→ **Dataset content**
*** Begin section ***
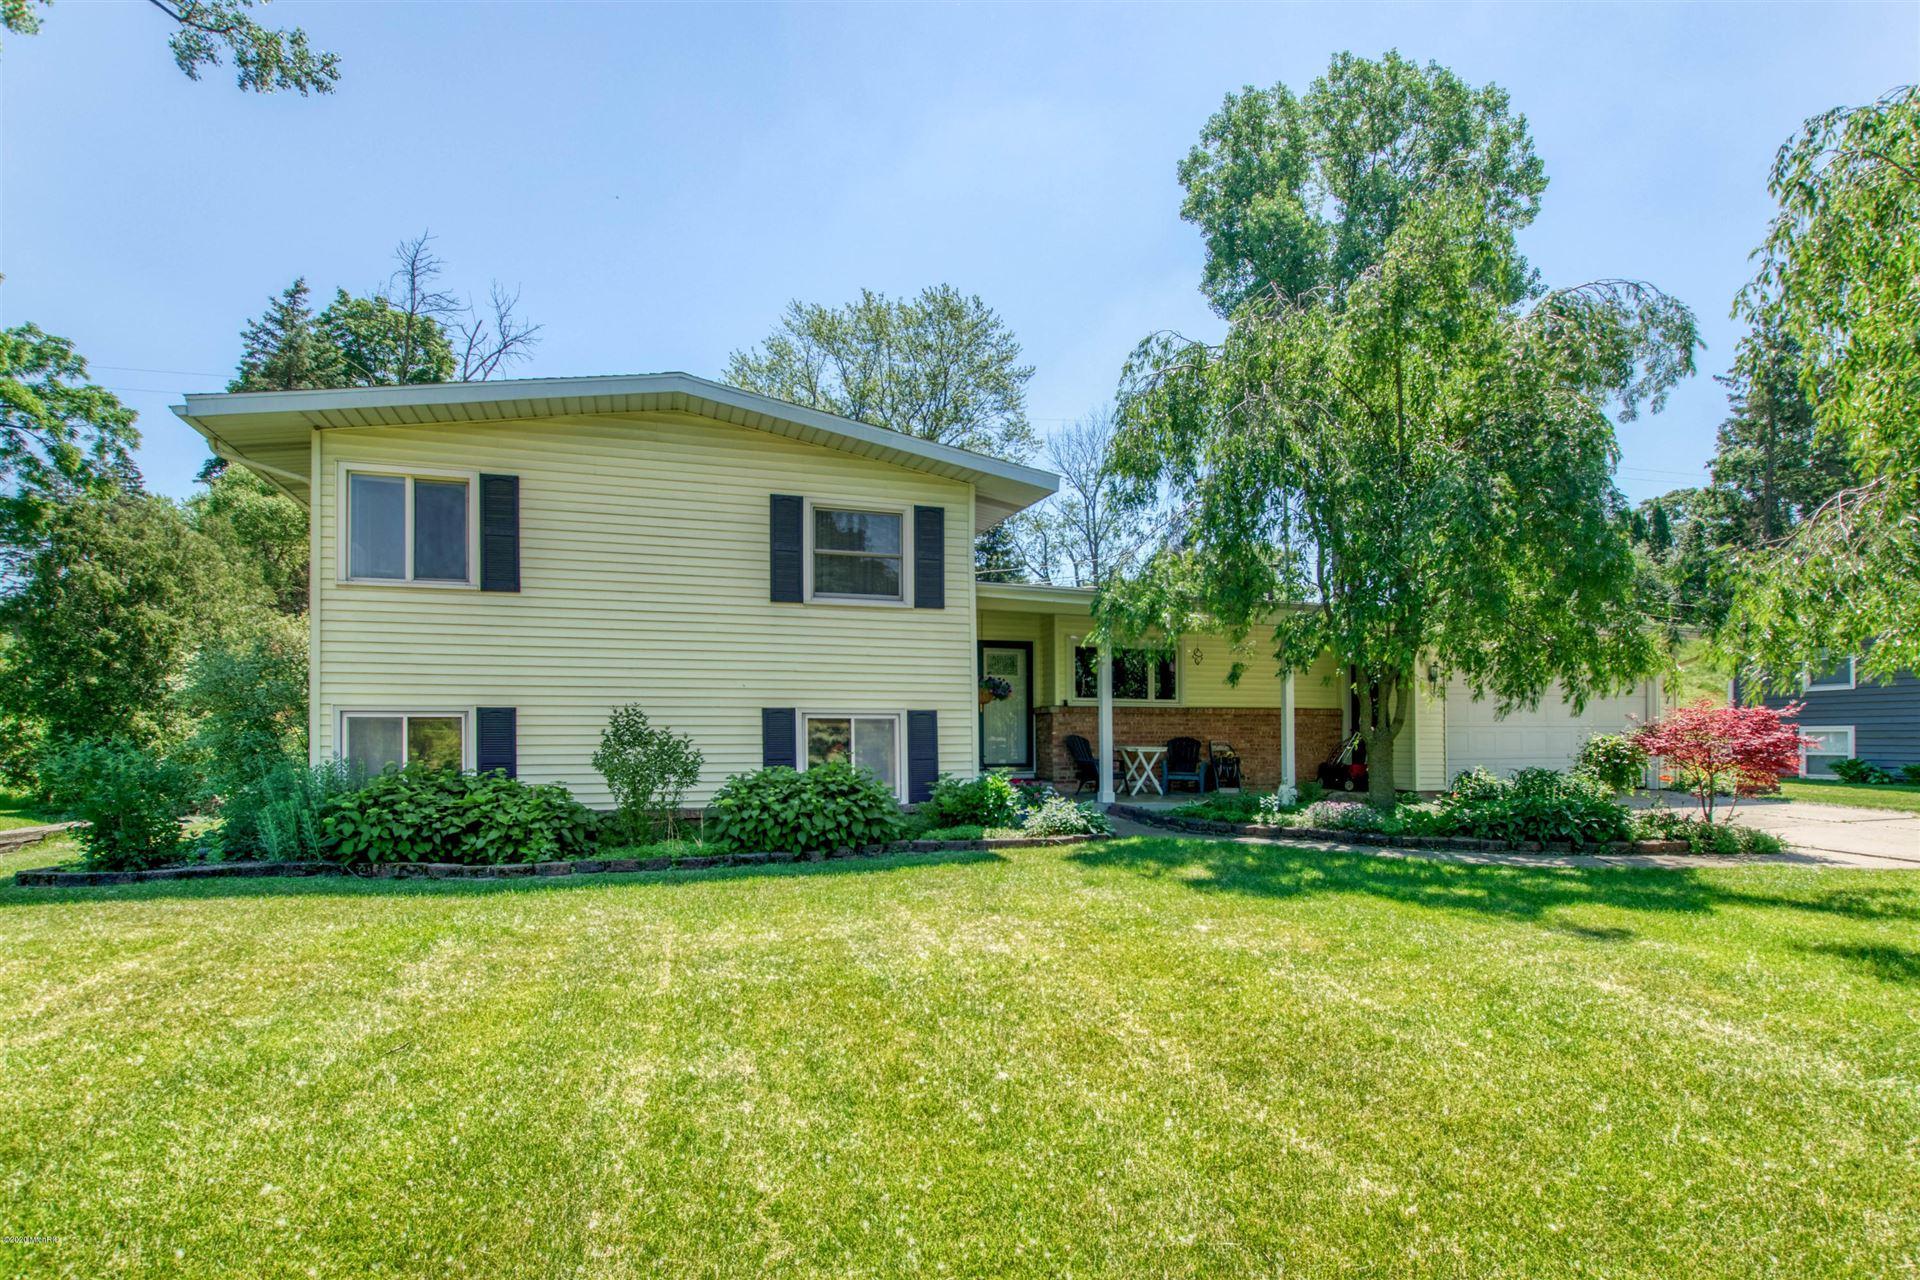 Photo of 116 Robinhood Drive NE, Grand Rapids, MI 49546 (MLS # 20023865)
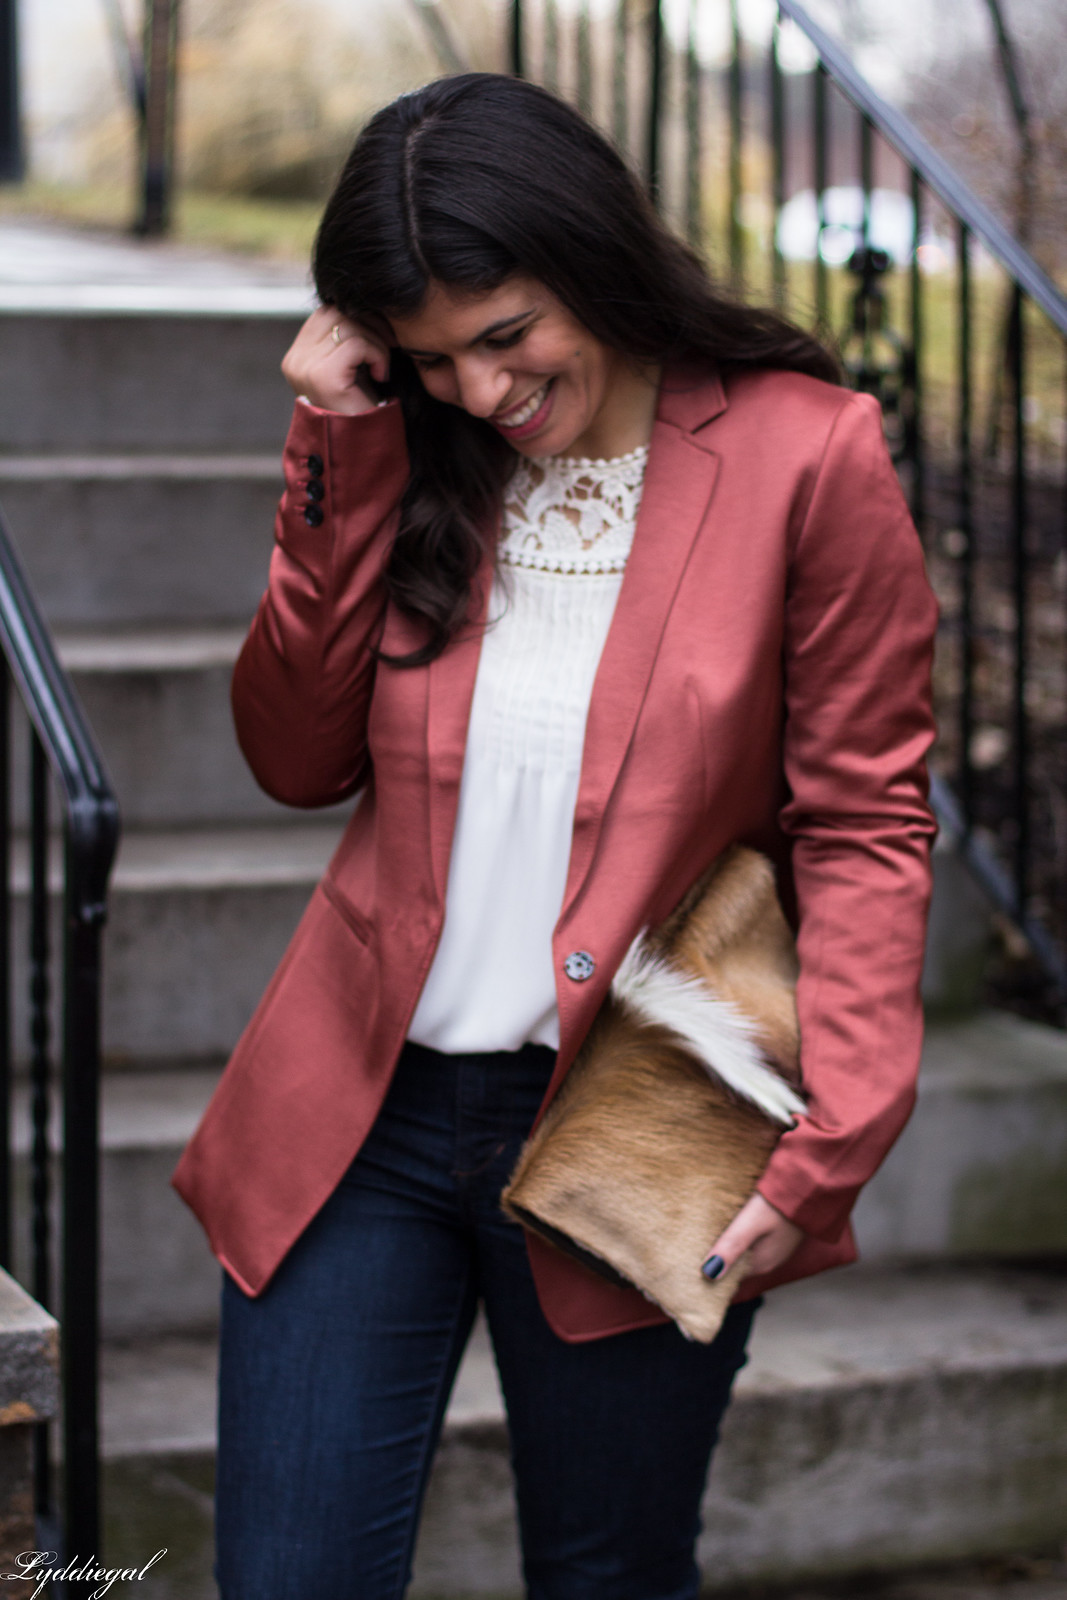 rust silk boyfriend blazer, springbok clutch, lace blouse-17.jpg
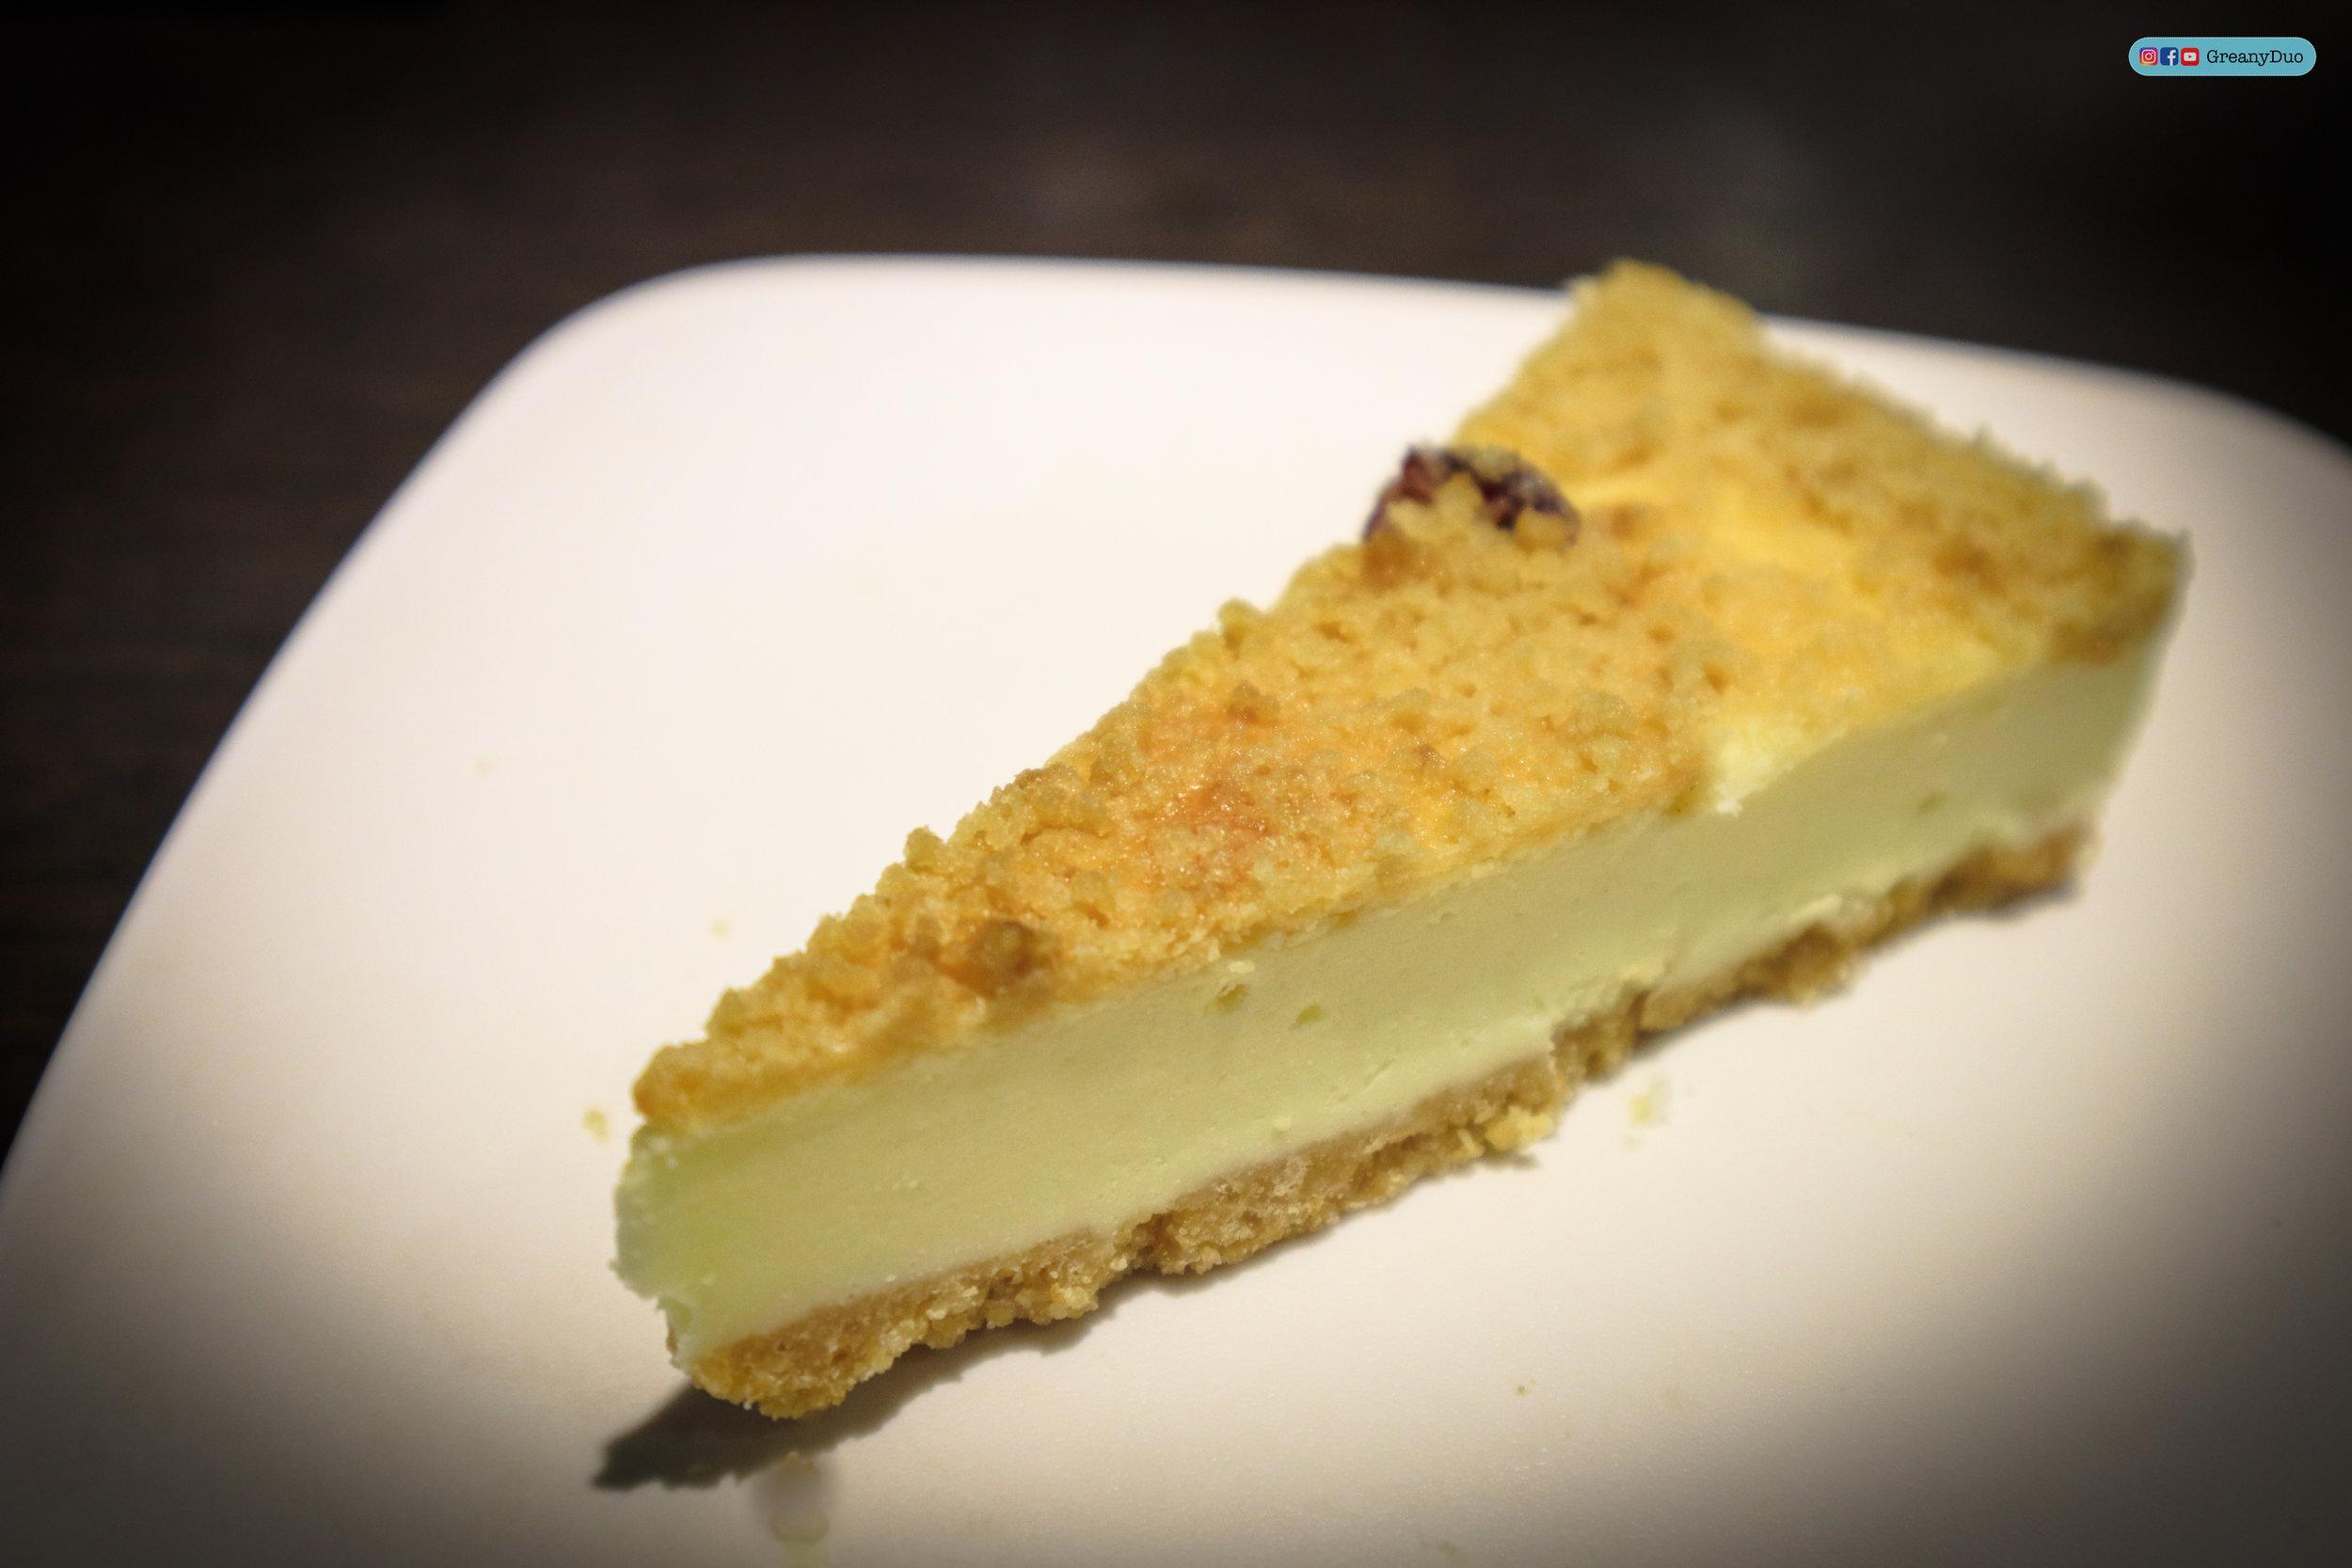 crumble cheesecake at บุฟเฟ่ต์ชาบูไต้หวันที่ Hakkai Shabu Shabu ซีเหมินติง
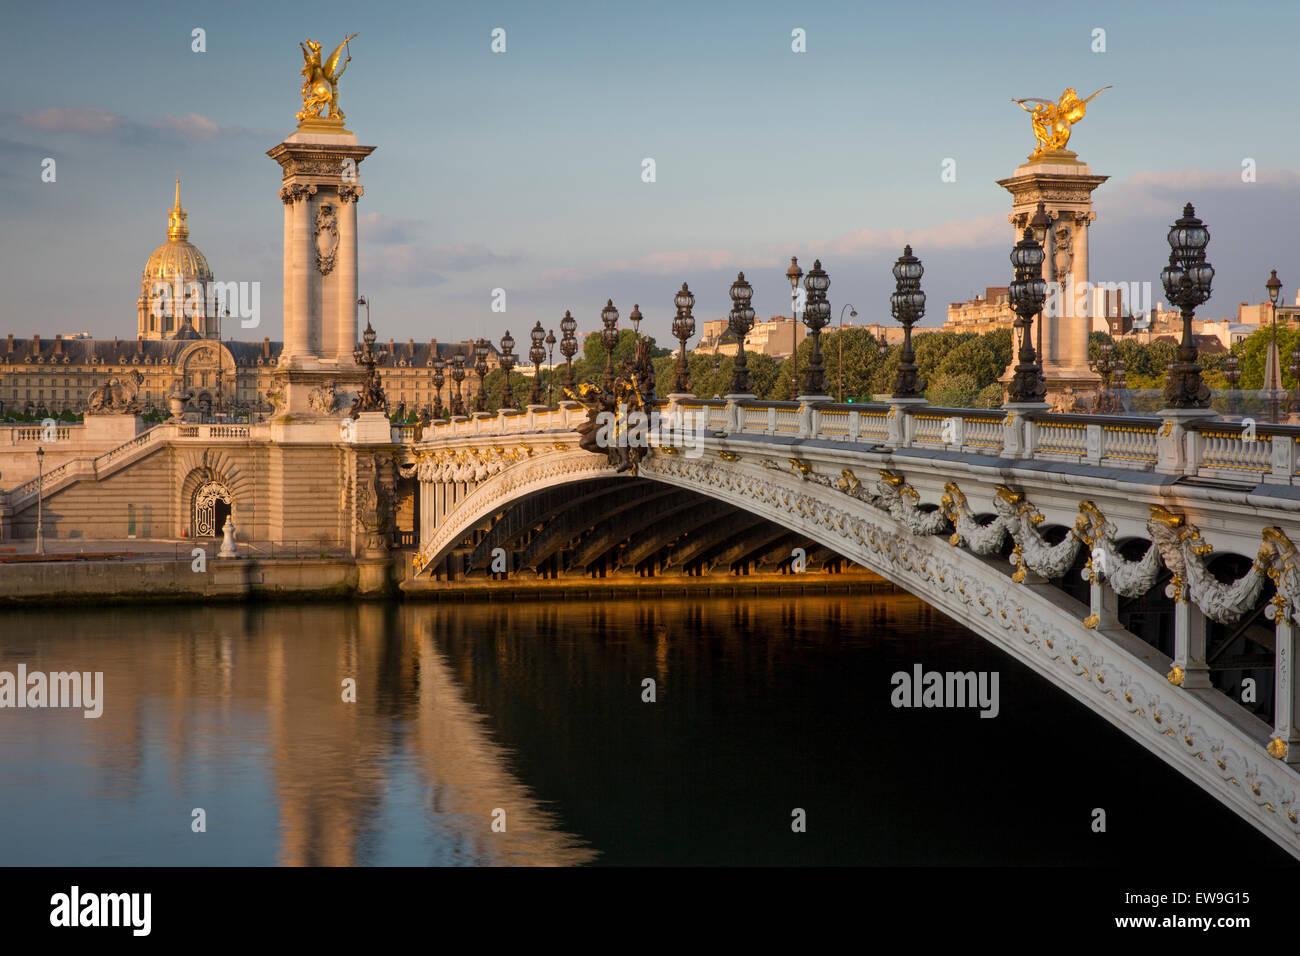 Alba sul Fiume Senna, Pont Alexandre III e Hotel a Les Invalides, Parigi, Francia Immagini Stock
*** End section ***
→ **How to complete this task**
Drop the pictures, then write out only the lines running from the one containing "crumble cheesecake at" through the last line above, both included, exactly.

→ **Solved problem**
 crumble cheesecake at บุฟเฟ่ต์ชาบูไต้หวันที่ Hakkai Shabu Shabu ซีเหมินติง
 Alba sul Fiume Senna, Pont Alexandre III e Hotel a Les Invalides, Parigi, Francia Immagini Stock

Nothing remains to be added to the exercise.